- Opening Delimiter -
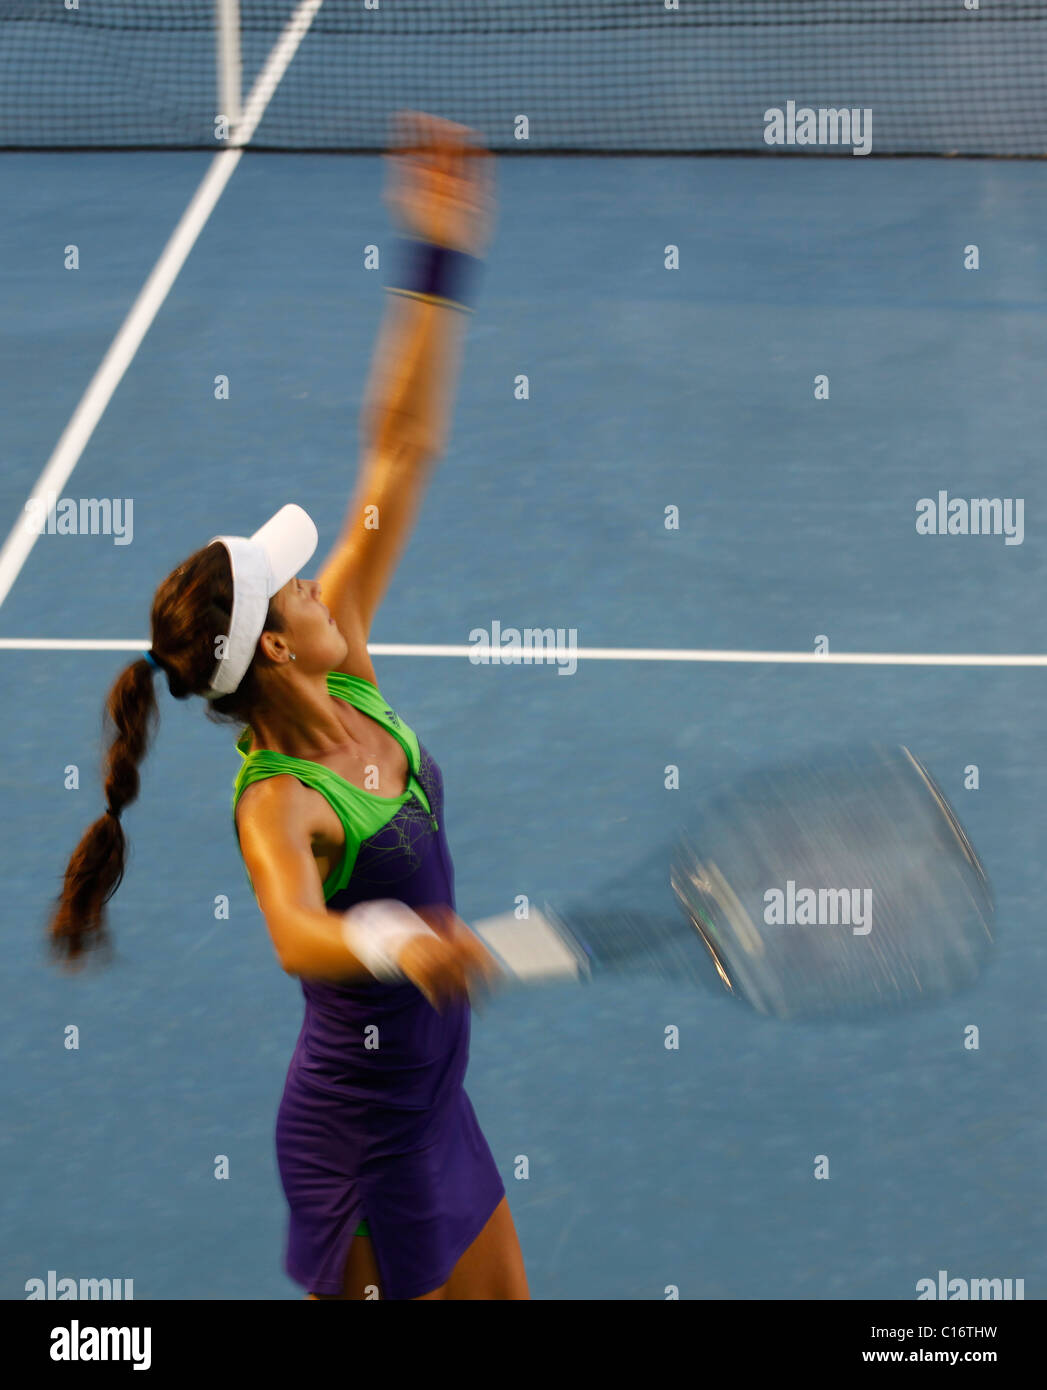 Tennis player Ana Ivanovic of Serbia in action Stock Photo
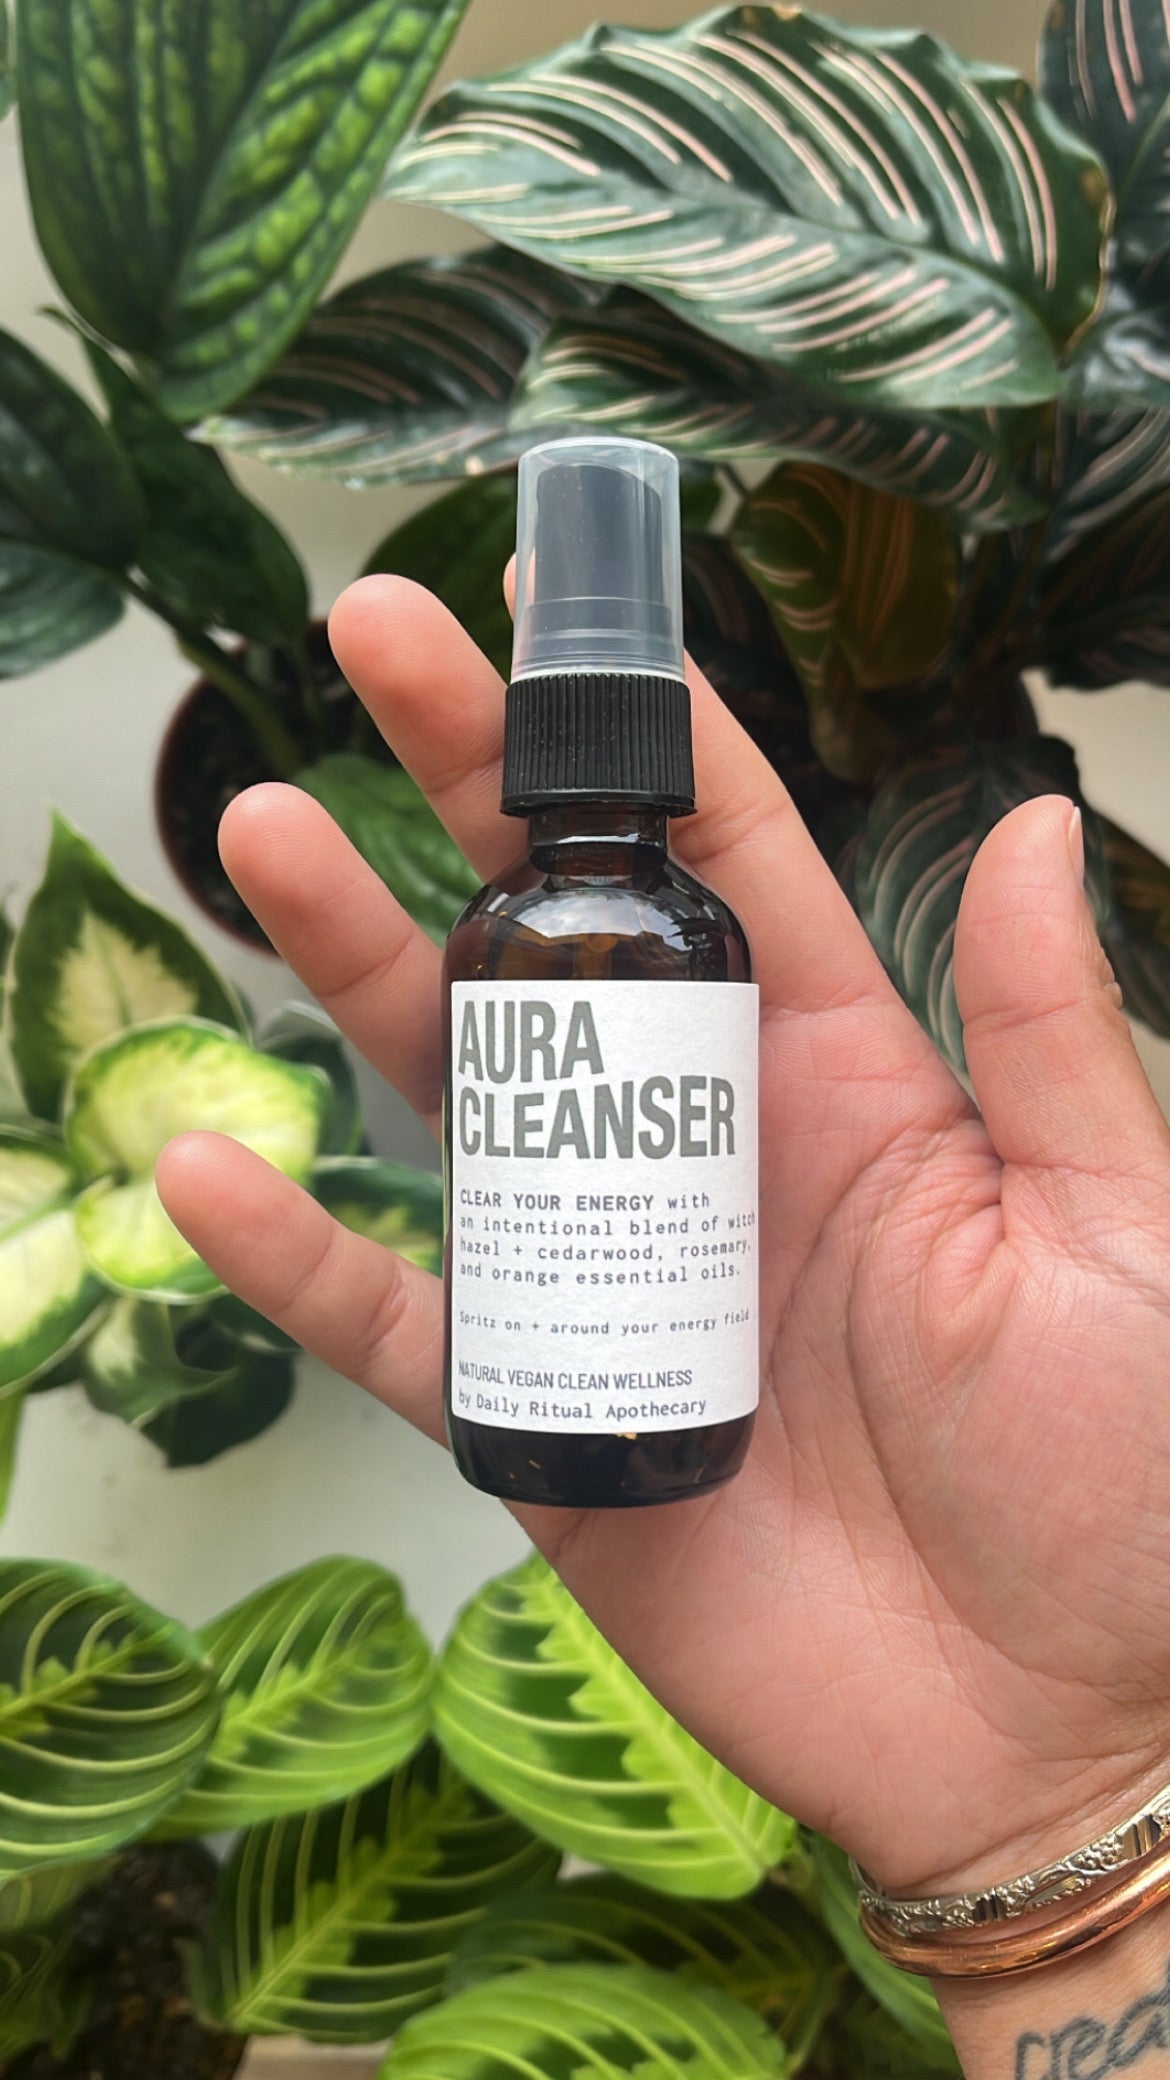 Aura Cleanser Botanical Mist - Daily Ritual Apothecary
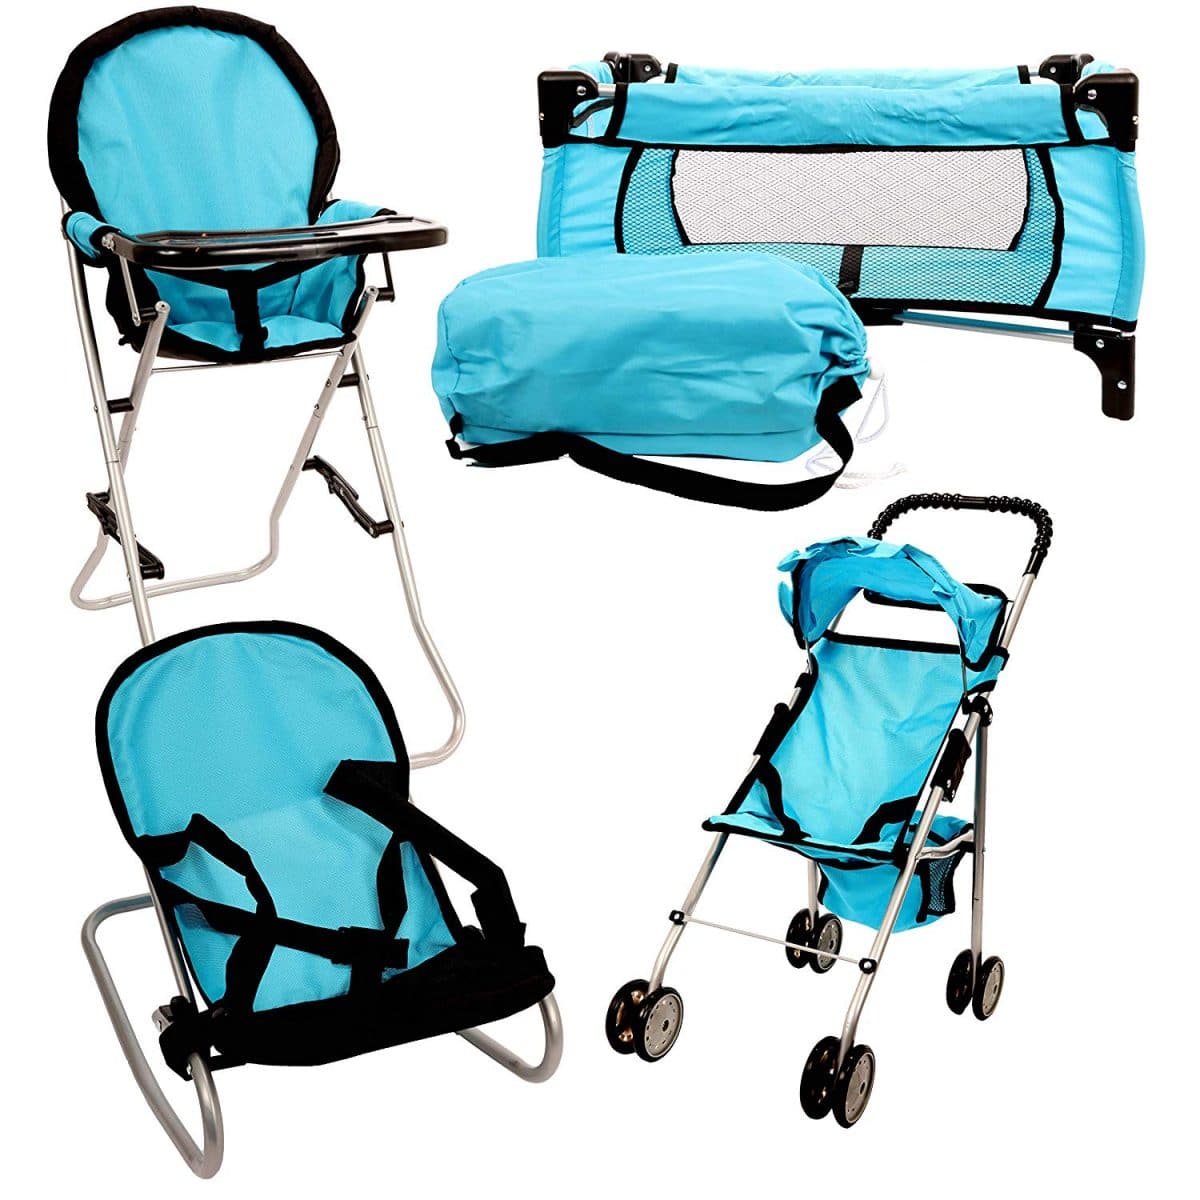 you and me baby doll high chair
- Closing Delimiter -
EXERCISE DETAILS -
Write the data out again word for word; leave the pictures behind.

EXERCISE RESULT -
 Tennis player Ana Ivanovic of Serbia in action Stock Photo
 Aura Cleanser Botanical Mist - Daily Ritual Apothecary
 you and me baby doll high chair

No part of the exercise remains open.